■ **WORK ITEM**
Write the lines below out exactly, dropping each picture.

** Opening DATA SEGMENT block **

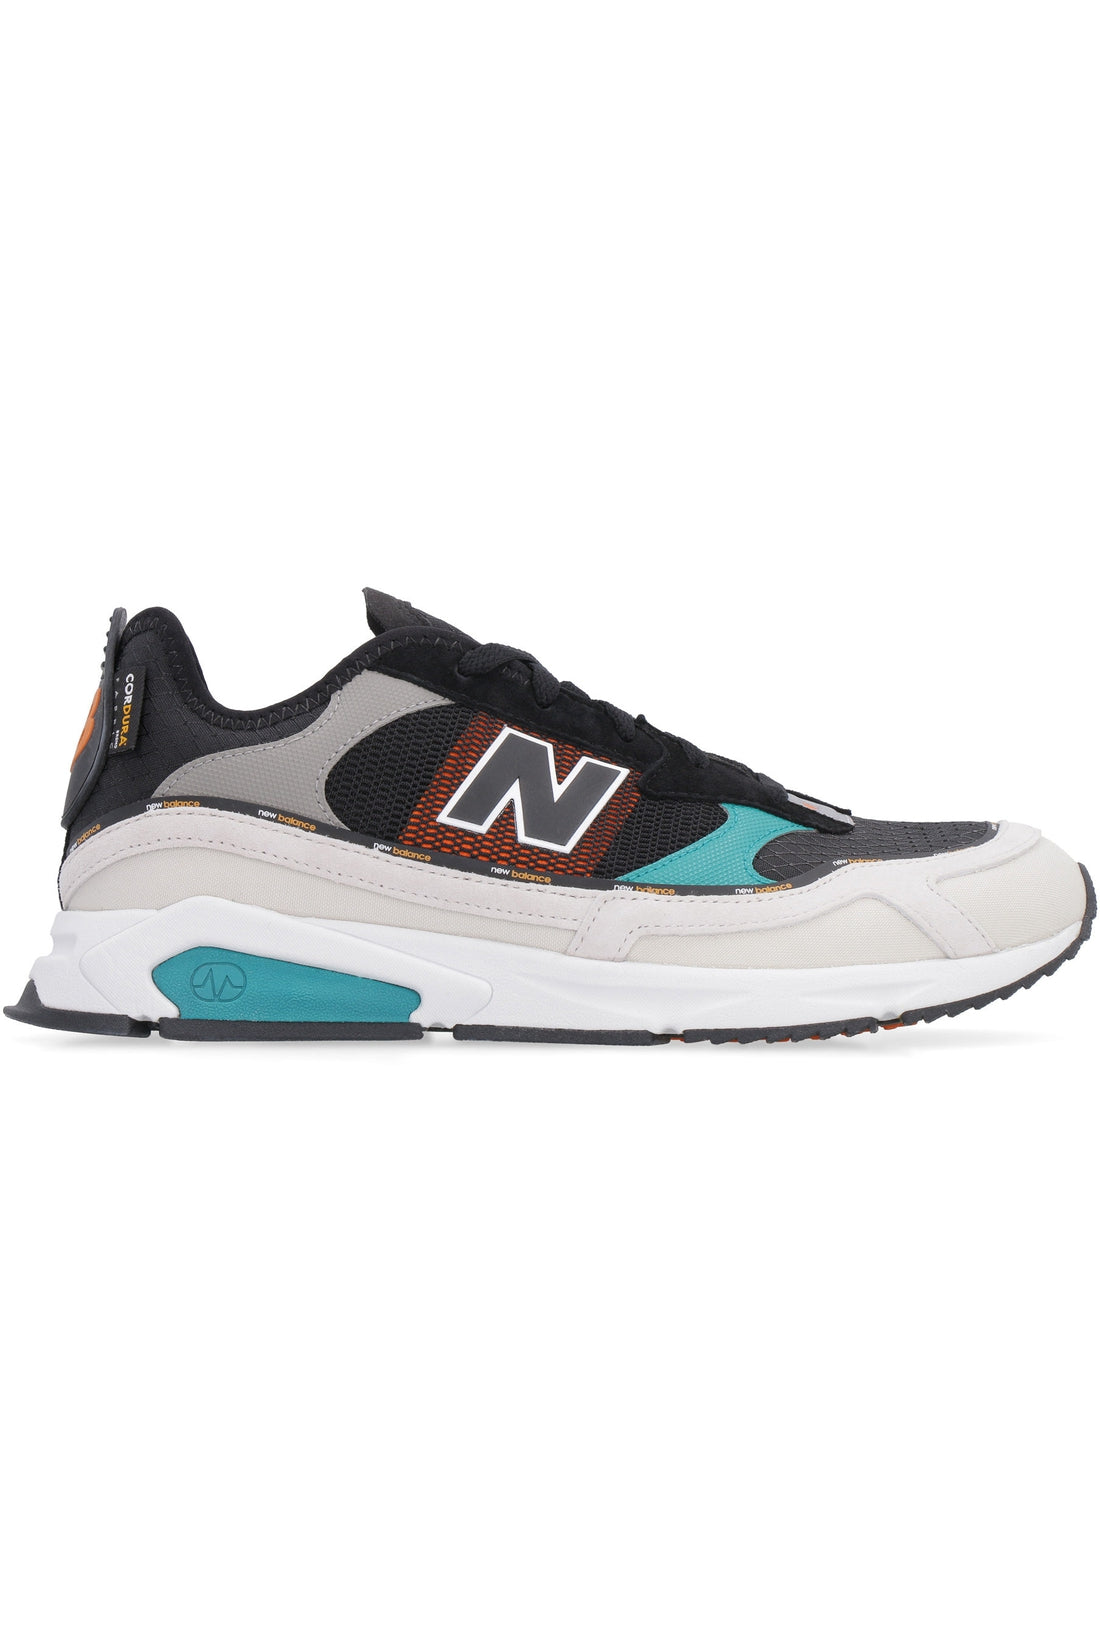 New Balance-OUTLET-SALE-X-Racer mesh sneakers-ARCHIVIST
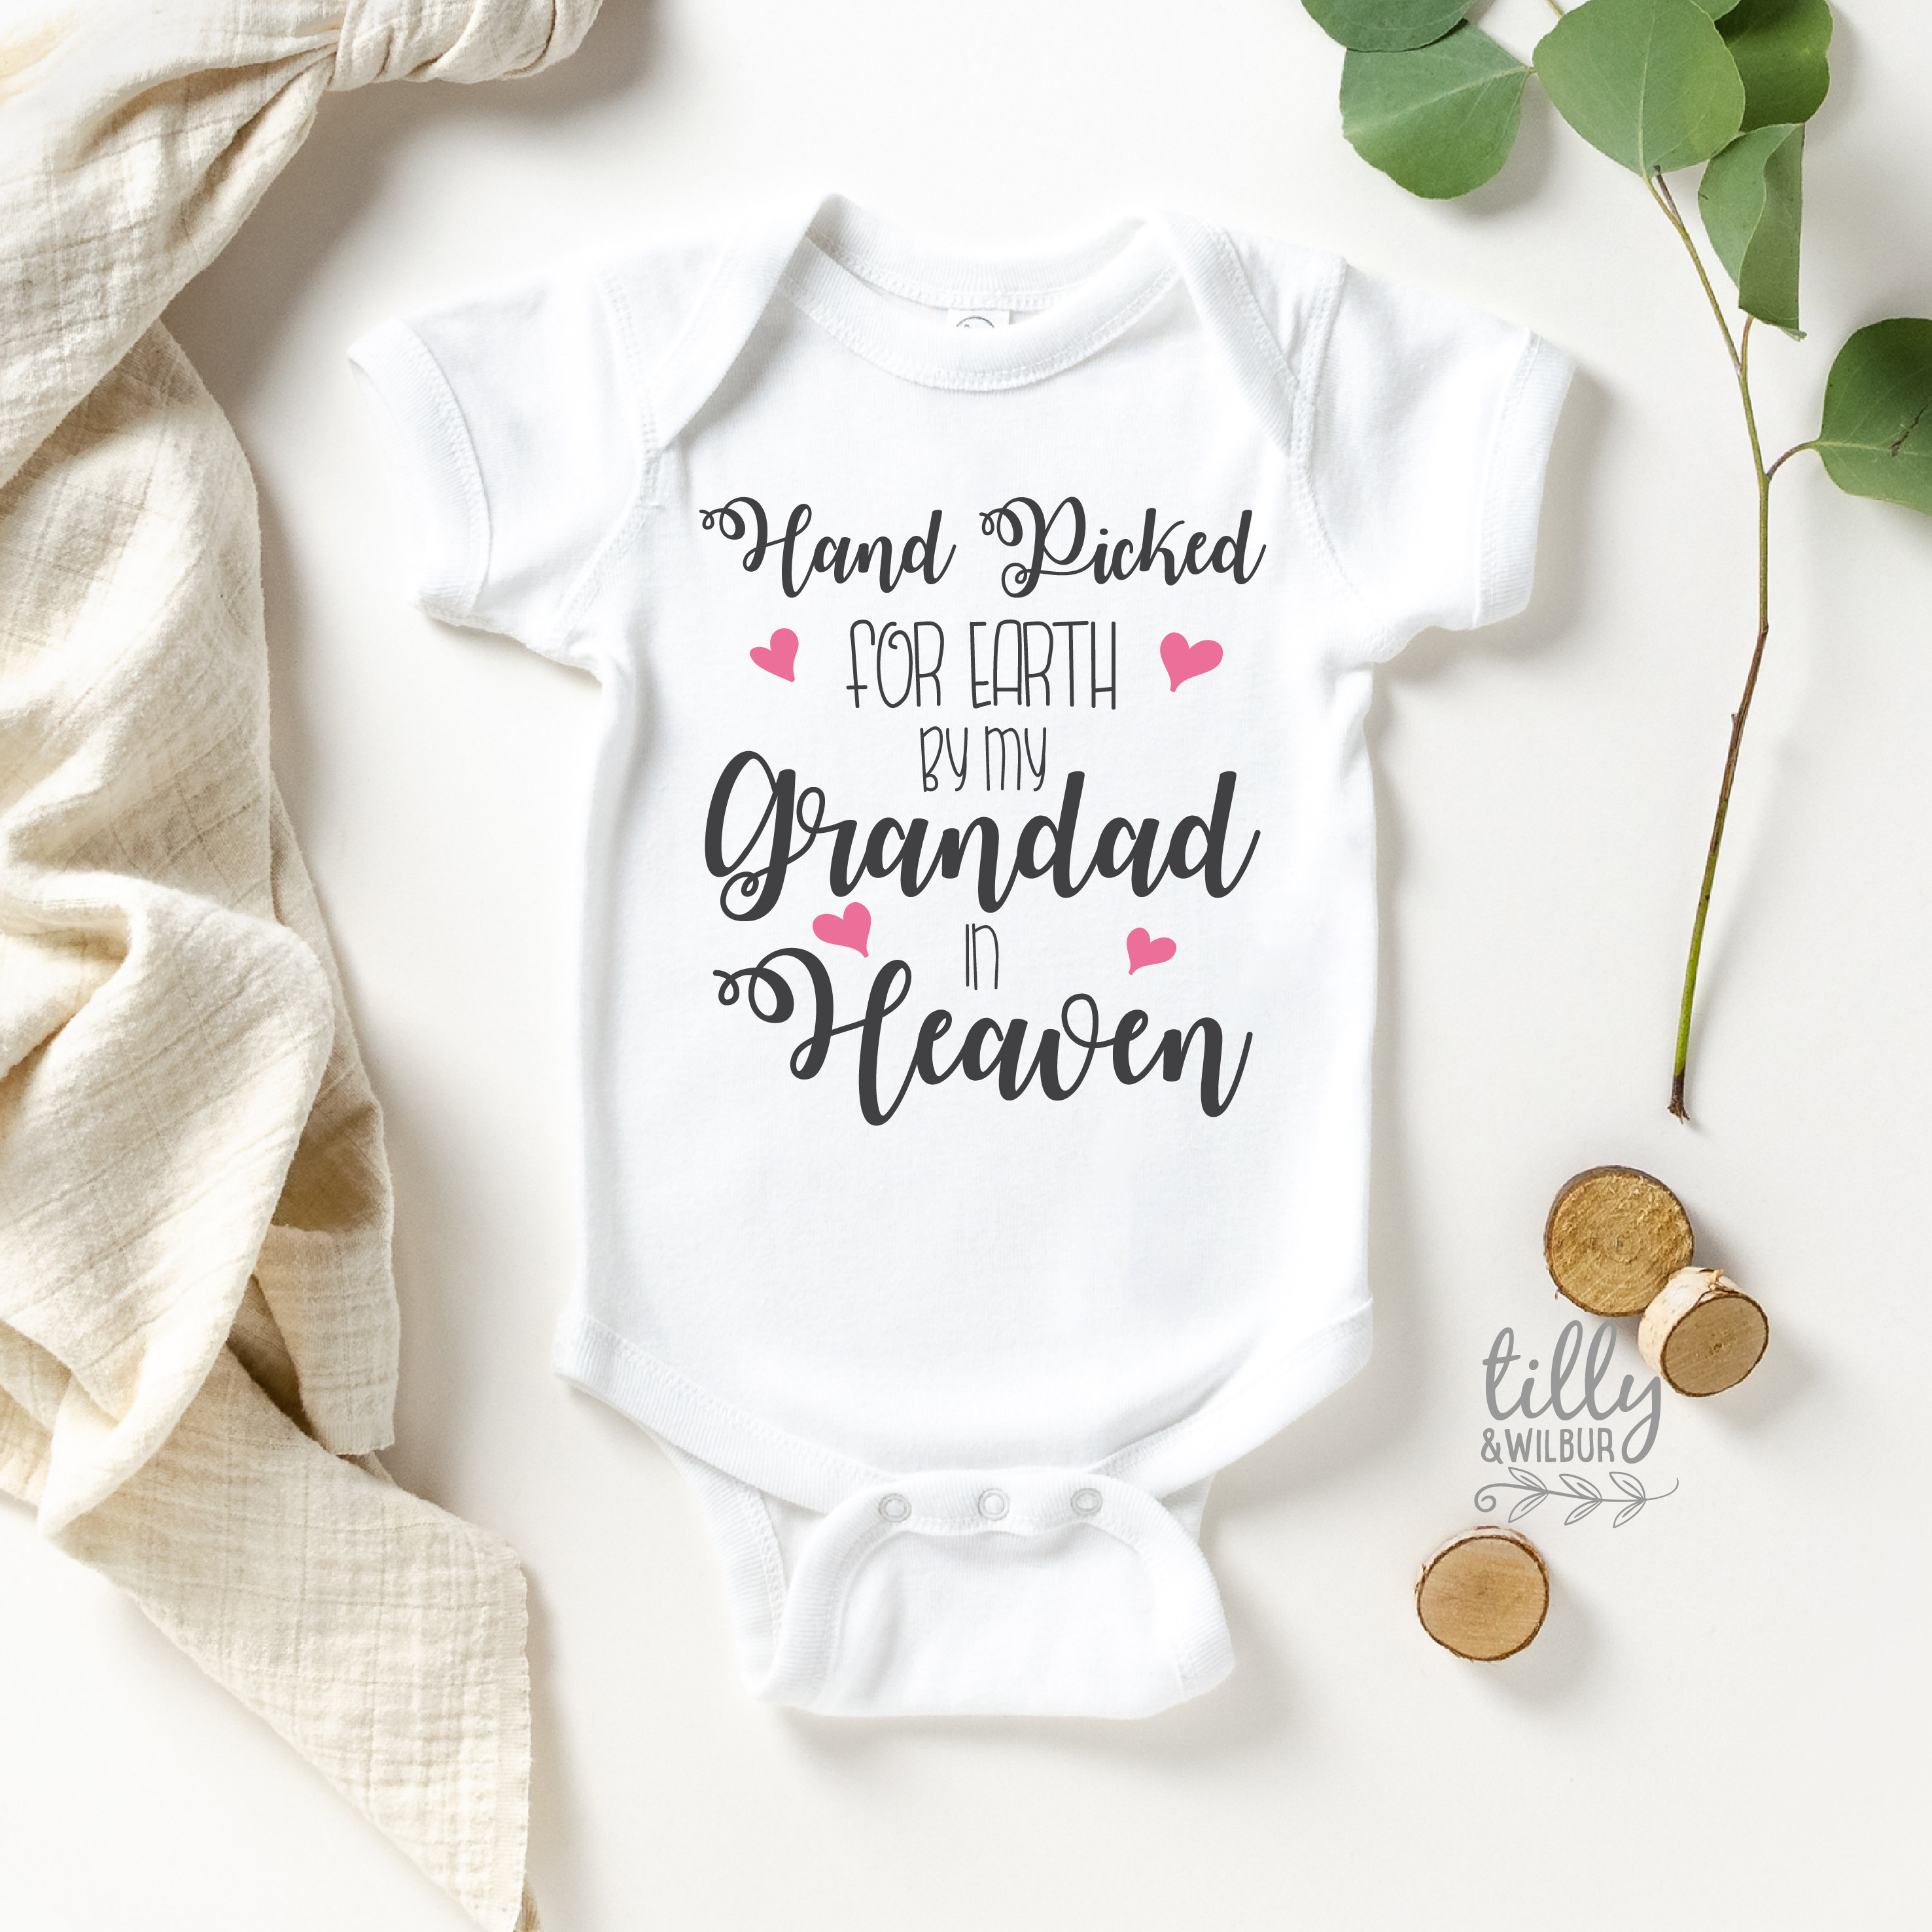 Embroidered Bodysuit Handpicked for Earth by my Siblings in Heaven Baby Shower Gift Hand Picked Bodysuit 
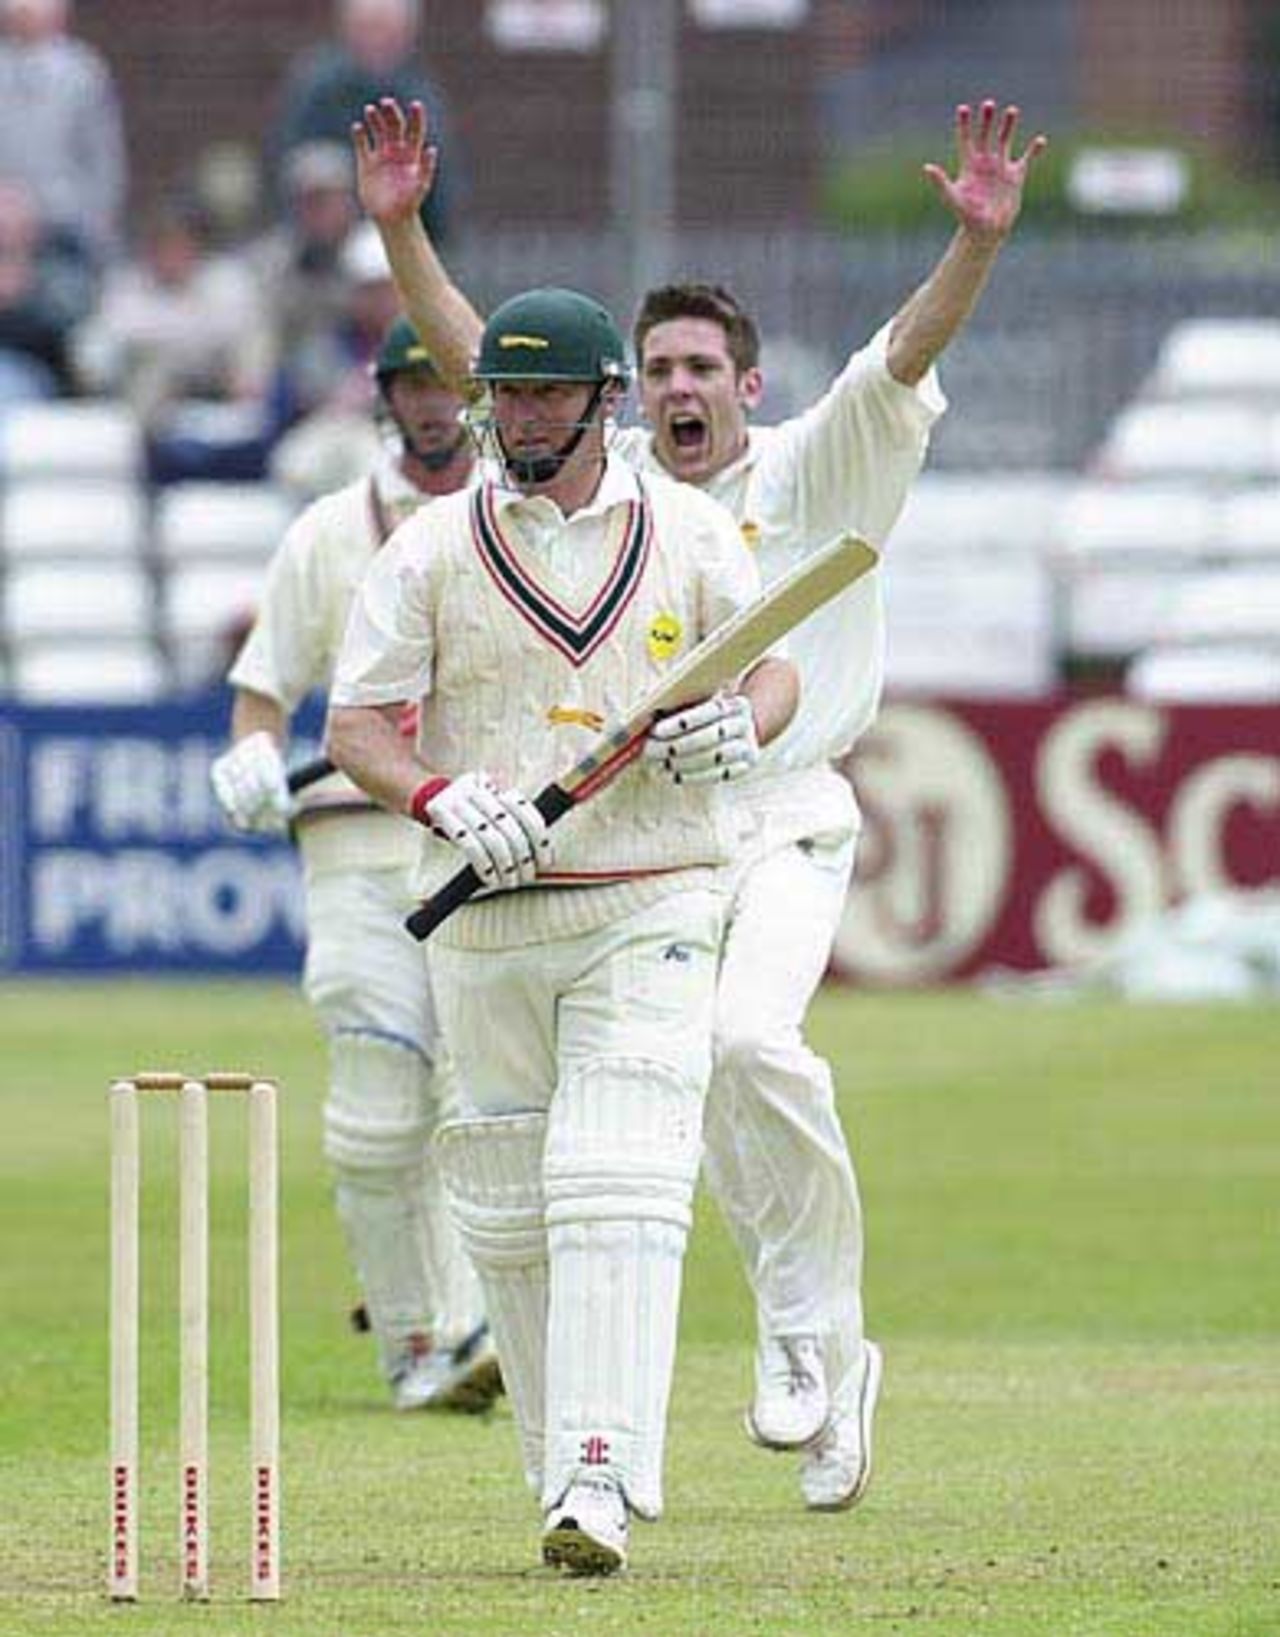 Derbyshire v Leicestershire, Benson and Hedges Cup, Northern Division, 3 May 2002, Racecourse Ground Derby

** Closing DATA SEGMENT block **

■ **TASK RESPONSE**
 New Balance-OUTLET-SALE-X-Racer mesh sneakers-ARCHIVIST
 Embroidered Bodysuit Handpicked for Earth by my Siblings in Heaven Baby Shower Gift Hand Picked Bodysuit 
 Derbyshire v Leicestershire, Benson and Hedges Cup, Northern Division, 3 May 2002, Racecourse Ground Derby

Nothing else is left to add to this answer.